Optimized Brain-Computer Interface for Smart Environments: Employing Transfer Learning and Edge AI for IoT Control

Abstract

The quick evolution of Brain-Computer Interfaces (BCIs) has opened up new horizons for IoT device control in smart spaces. Nevertheless, conventional BCI systems are plagued with high latency, computational inefficiency, and limited resources, making real-time processing challenging. In this research, an optimized BCI system based on Transfer Learning and Edge AI is proposed to improve neural signal classification and facilitate real-time IoT control. Transfer Learning utilizes pre-trained neural networks to classify EEG signals with little training data, while Edge AI provides low-latency processing by performing computations on edge devices directly, minimizing cloud-based model dependence. Experimental results demonstrate that the proposed framework has 92.0% classification accuracy, much higher than traditional CNNs (82.1%), and decreases latency from 35.0 ms to 24.0 ms and power consumption from 25.0 MJ/inference to 18.0 MJ/inference.
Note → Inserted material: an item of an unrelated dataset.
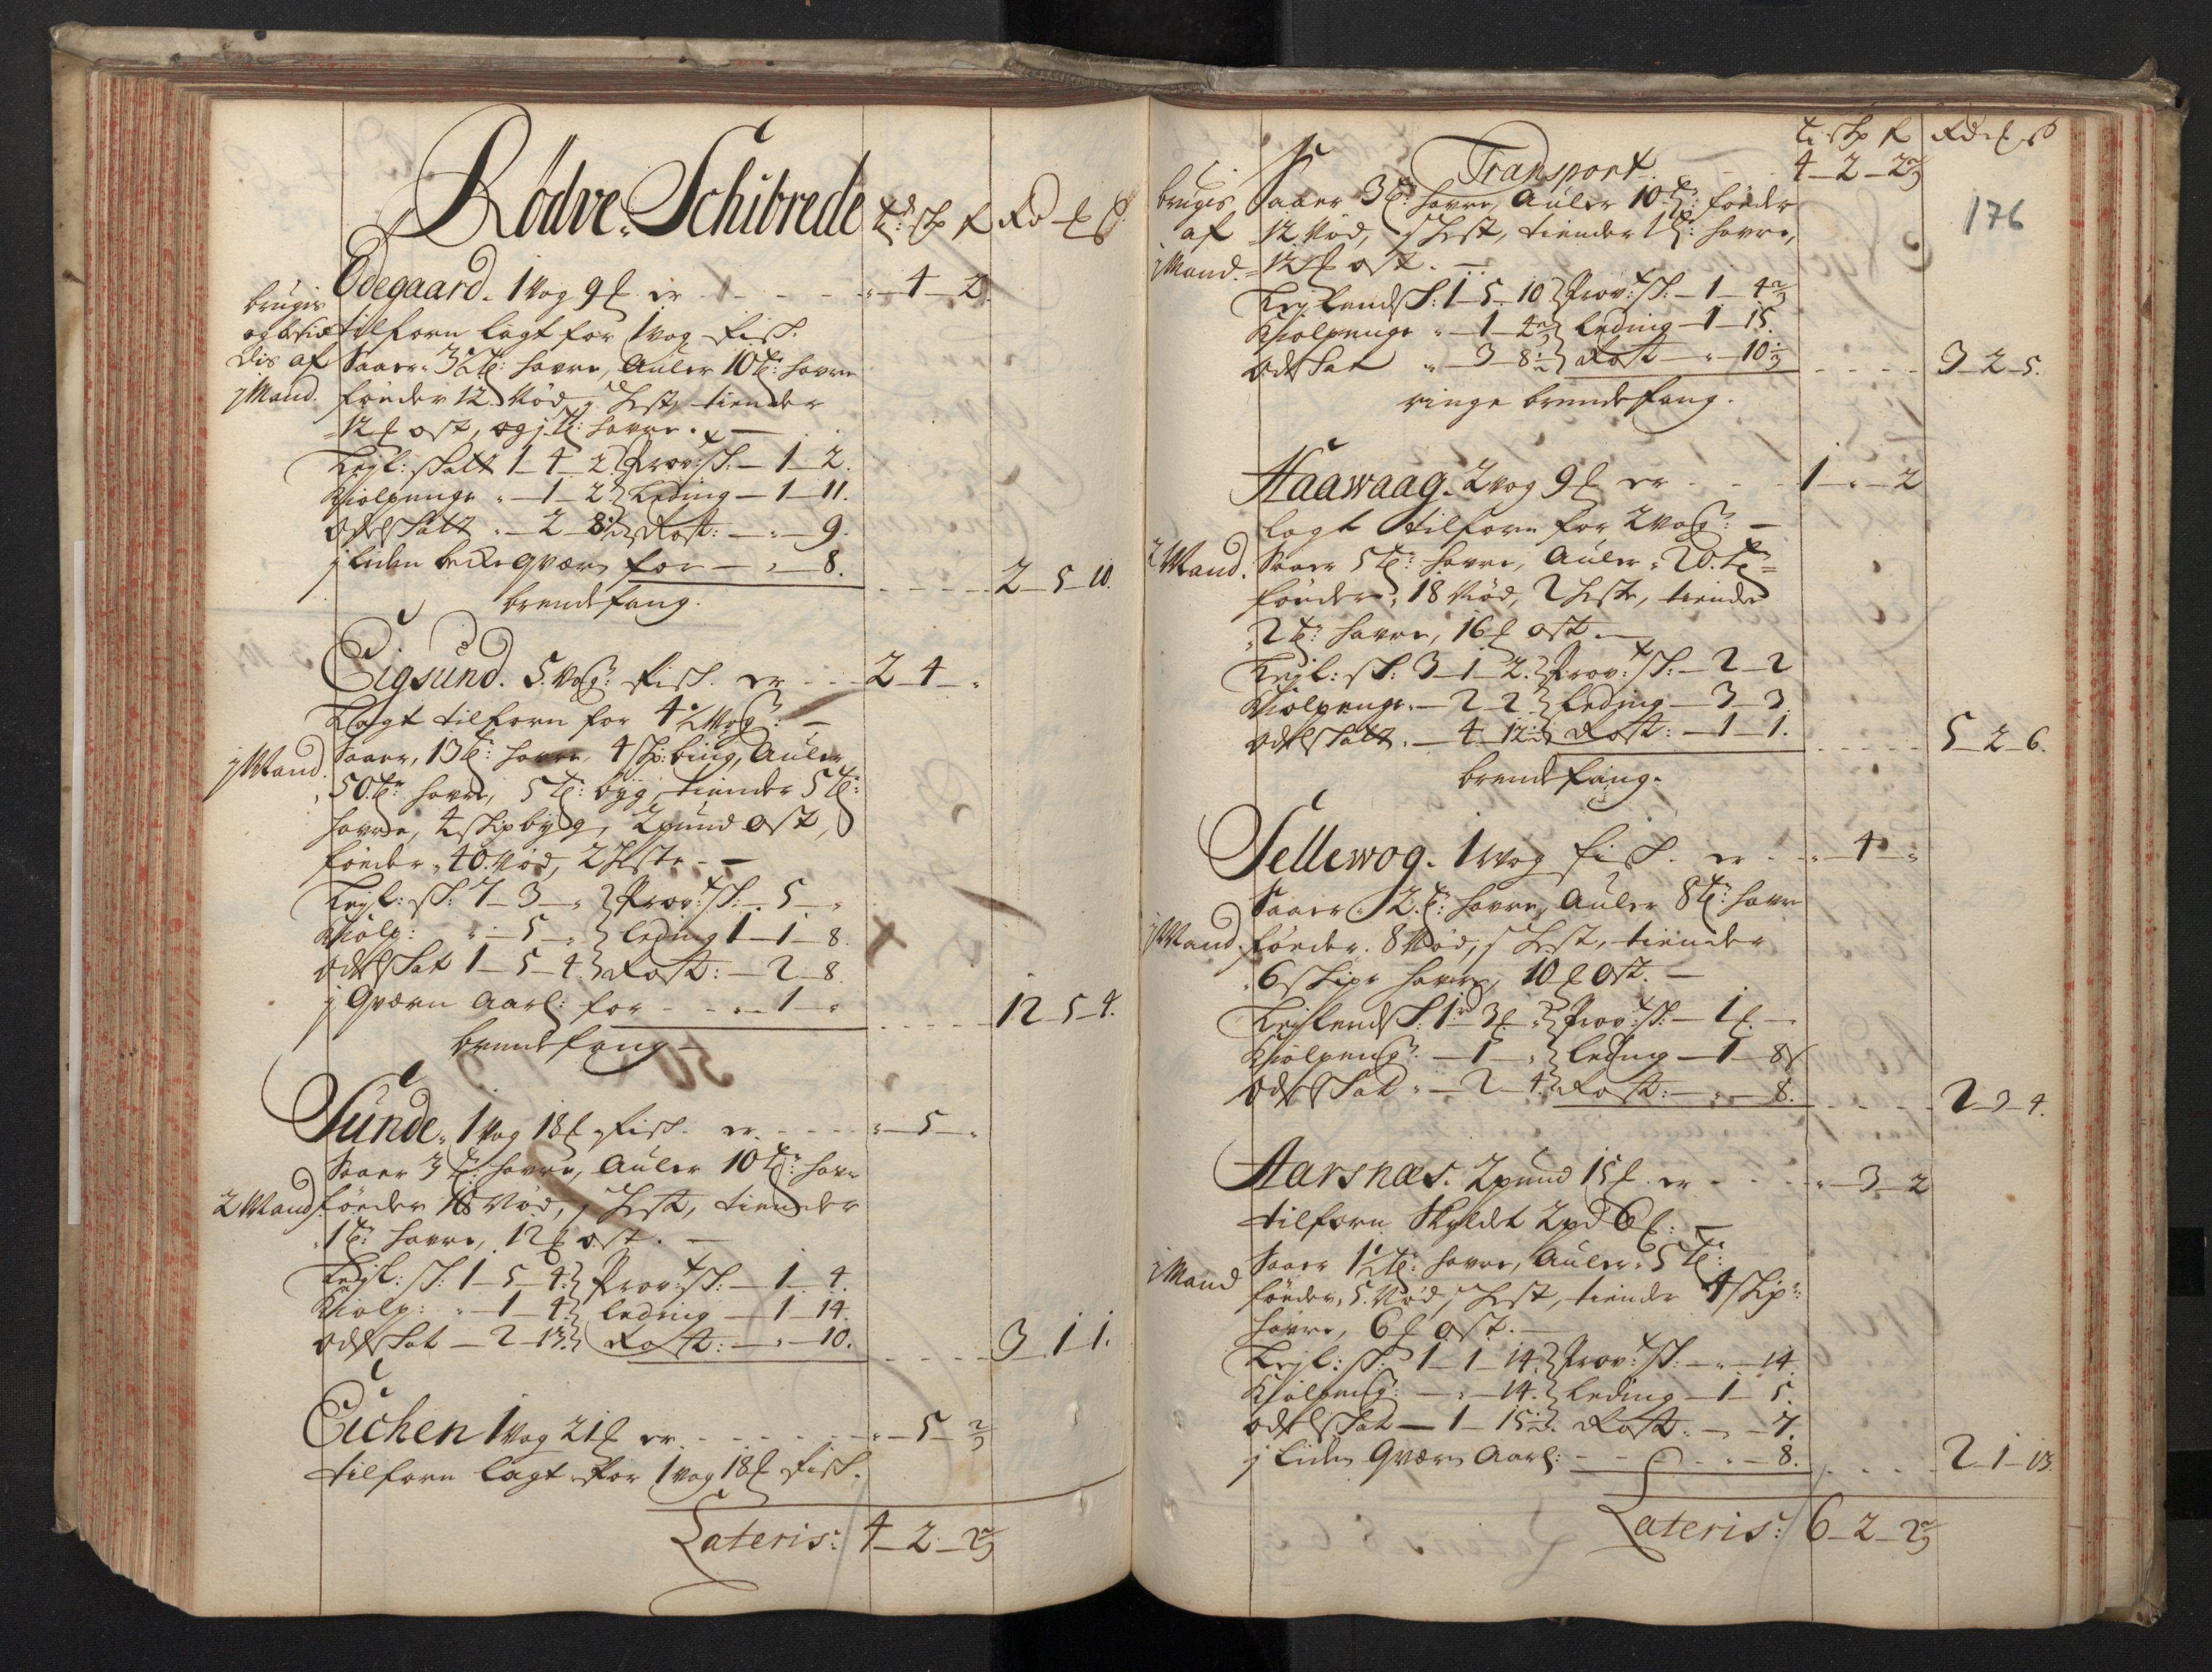 RA, Rentekammeret inntil 1814, Realistisk ordnet avdeling, N/Nb/Nbf/L0148: Sunnmøre, prøvematrikkel, 1714, s. 175b-176a

These advancements showcase the efficacy of the framework in assistive technology, home automation, and industrial control systems. Upcoming advancements are federated learning for privacy-preserving model updates, optimizations of deep neural networks, and real-world deployments across varied smart environments. This research showcases the promise of Transfer Learning and Edge AI in creating scalable, efficient, and real-time BCI applications for smart human-machine interaction.